### [Source data]
○ ○ ○ ○ ○ ○ ○

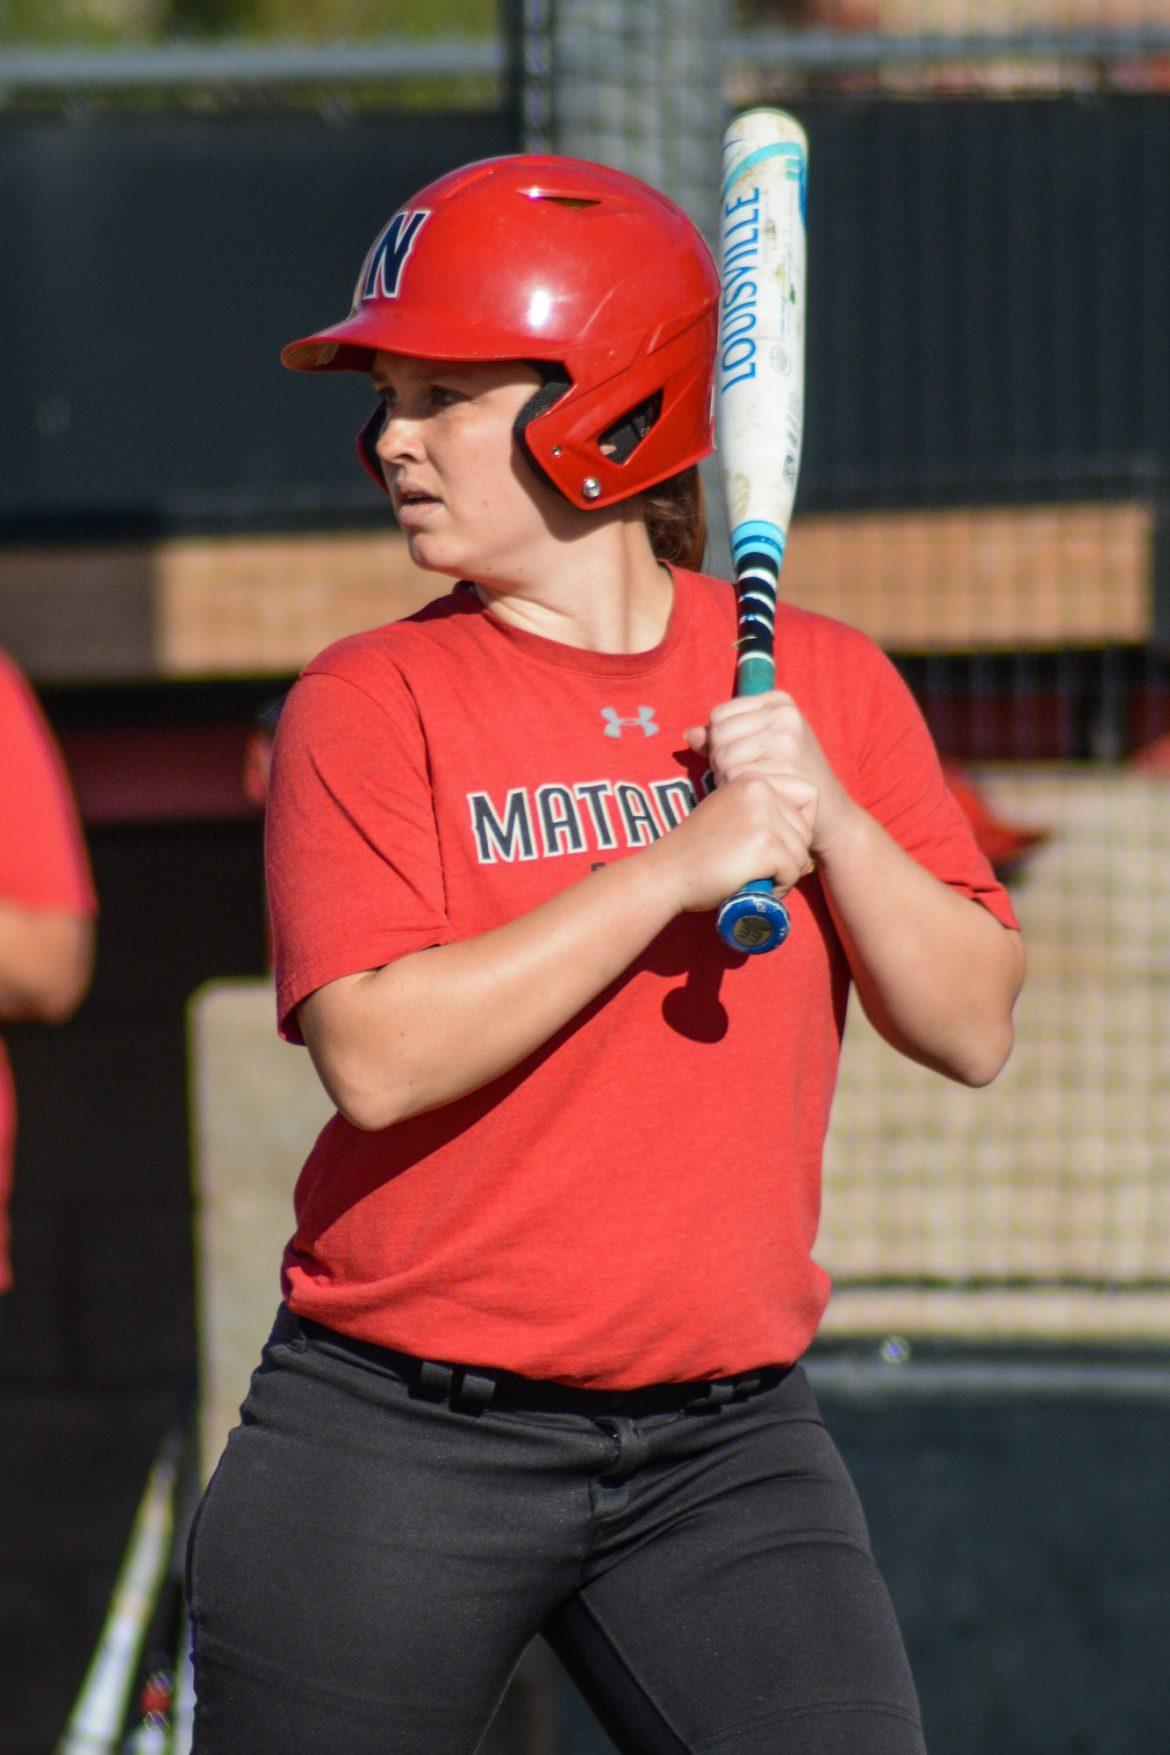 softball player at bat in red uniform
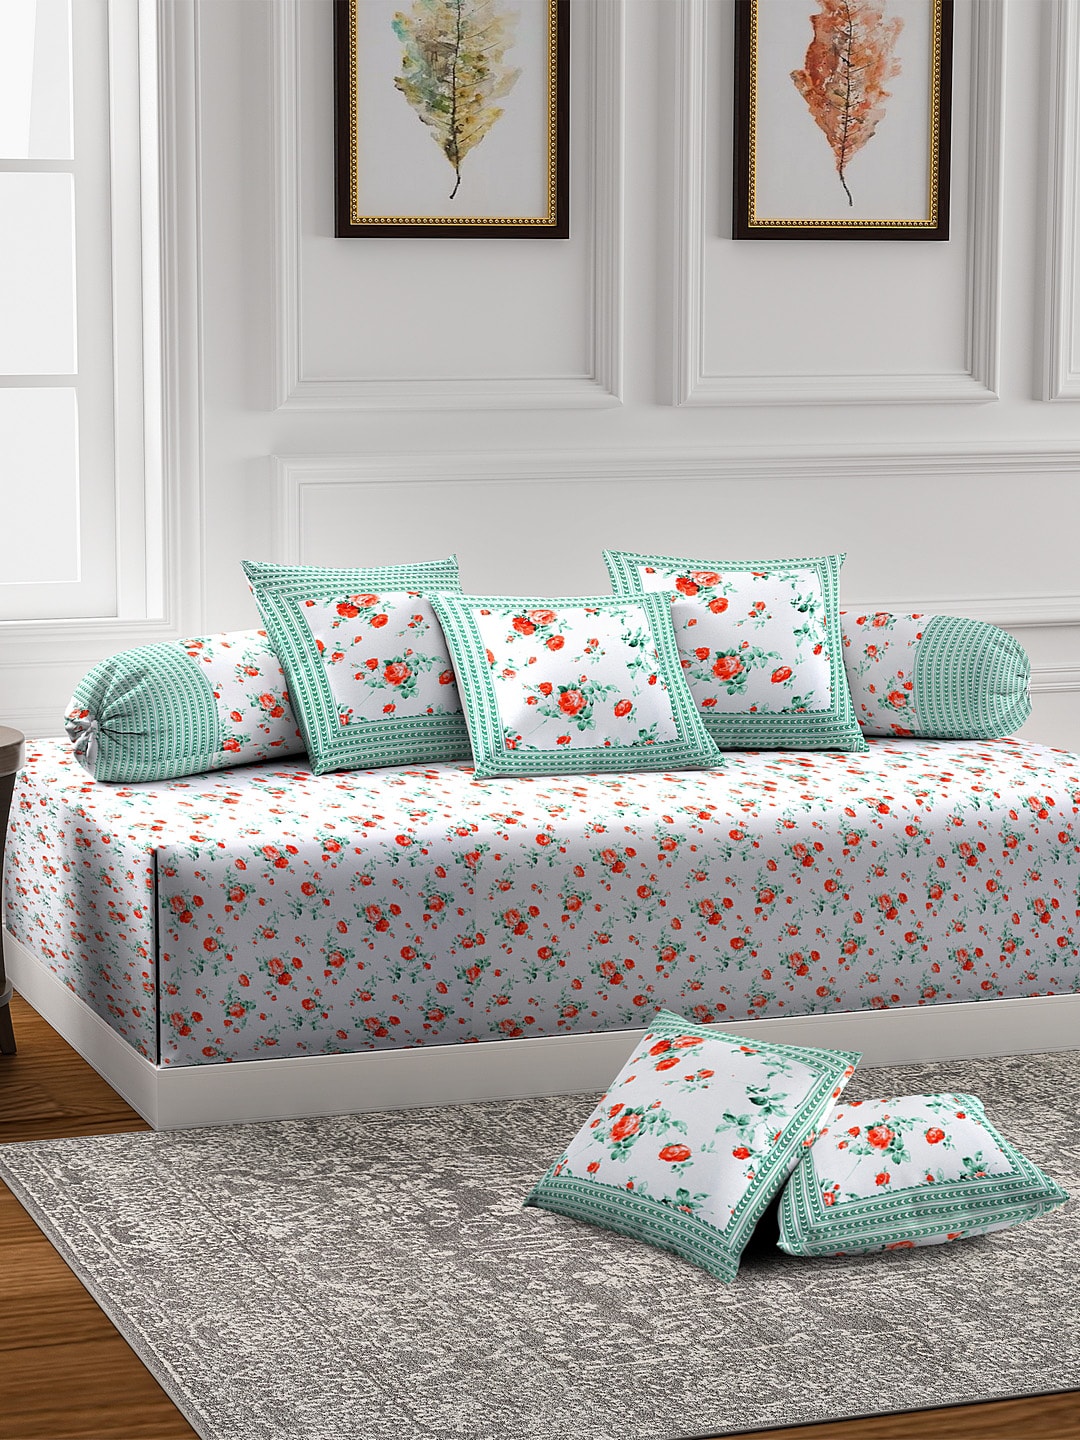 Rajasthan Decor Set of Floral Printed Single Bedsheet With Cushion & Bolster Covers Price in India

○ ○ ○ ○ ○ ○ ○

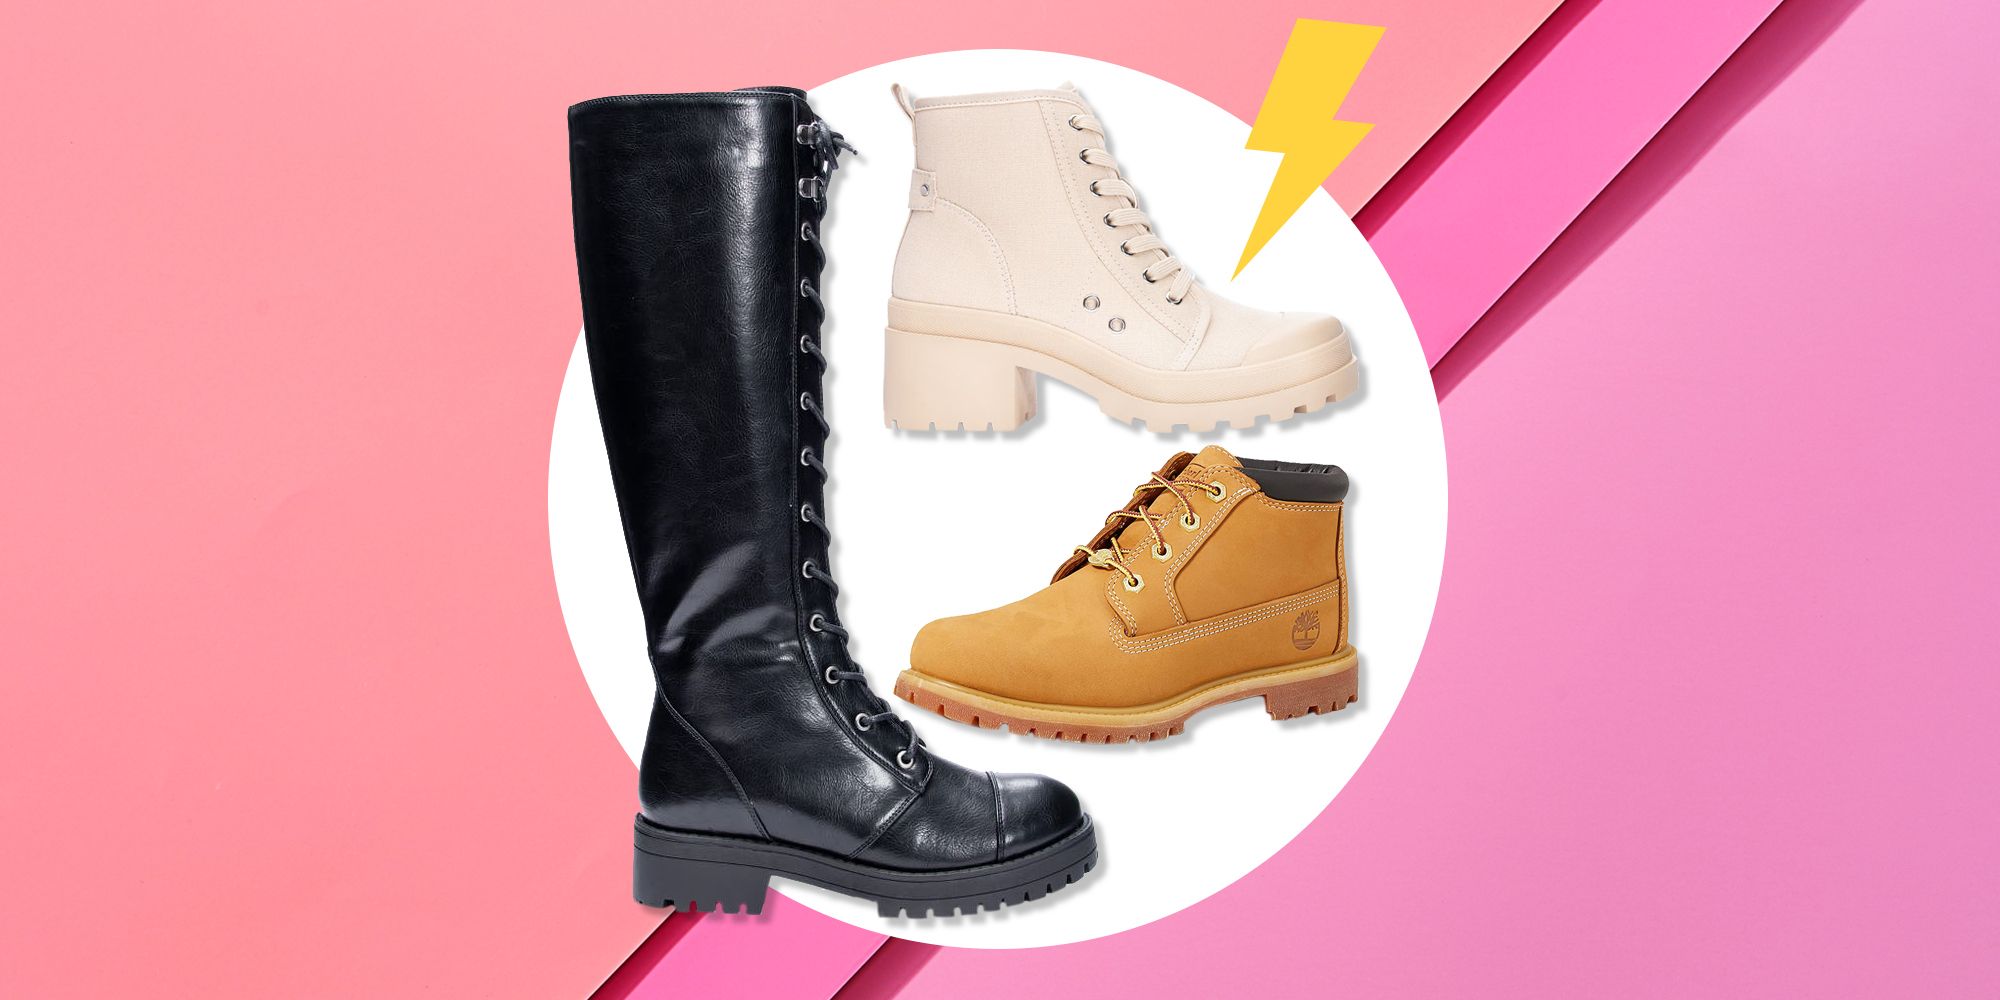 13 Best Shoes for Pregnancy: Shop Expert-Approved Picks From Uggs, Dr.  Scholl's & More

○ ○ ○ ○ ○ ○ ○

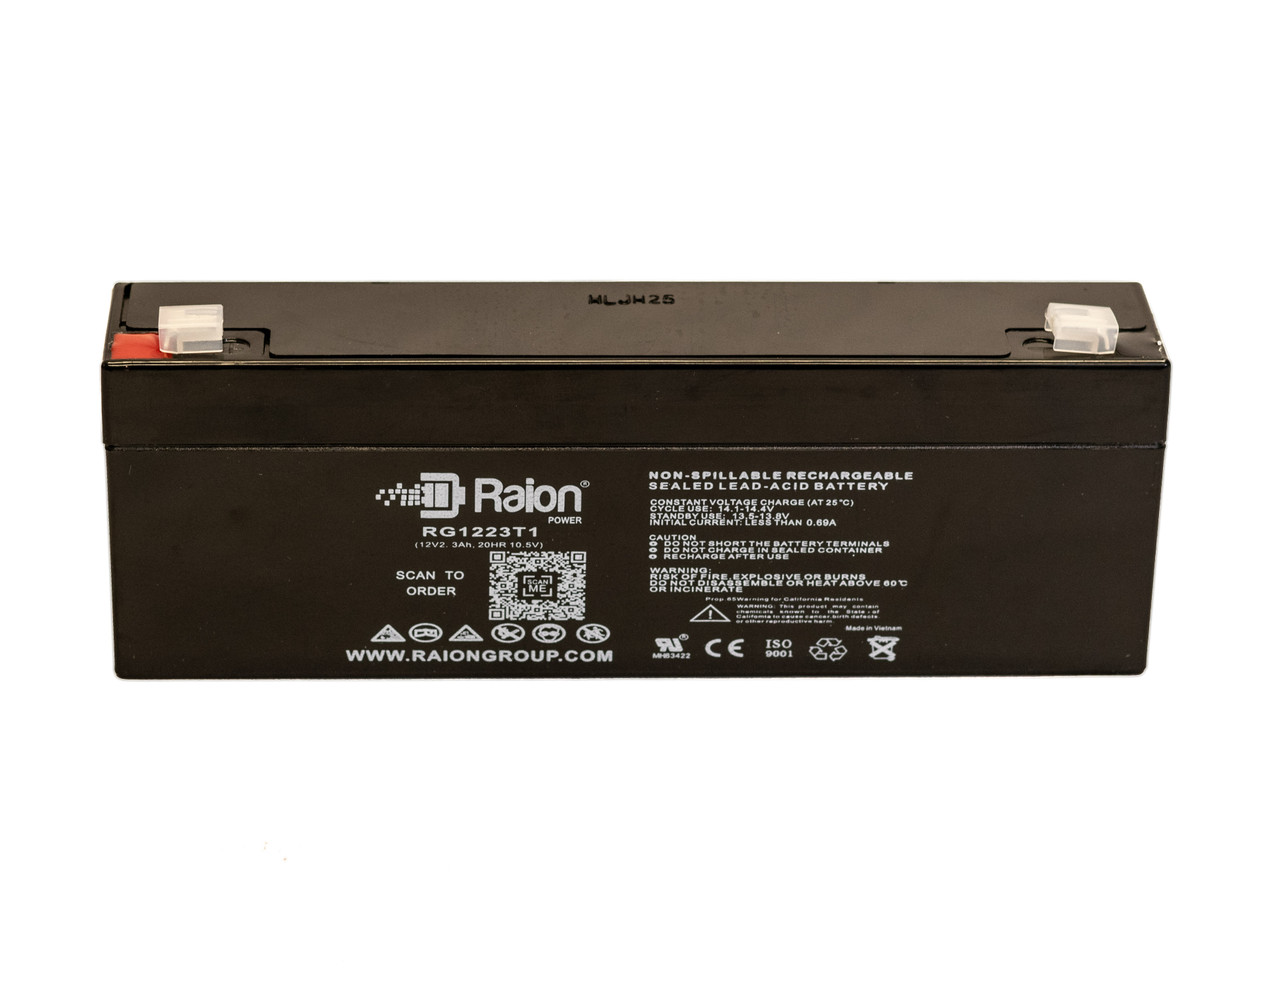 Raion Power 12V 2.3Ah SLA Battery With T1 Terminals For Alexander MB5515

○ ○ ○ ○ ○ ○ ○

### [What the task requires]
Copy out exactly the lines above beginning with the line that contains "softball player at bat in red uniform" and finishing with the line that contains "Rajasthan Decor Set", including both; leave the pictures out.

### [Answer for this exercise]
 softball player at bat in red uniform
 Rajasthan Decor Set of Floral Printed Single Bedsheet With Cushion & Bolster Covers Price in India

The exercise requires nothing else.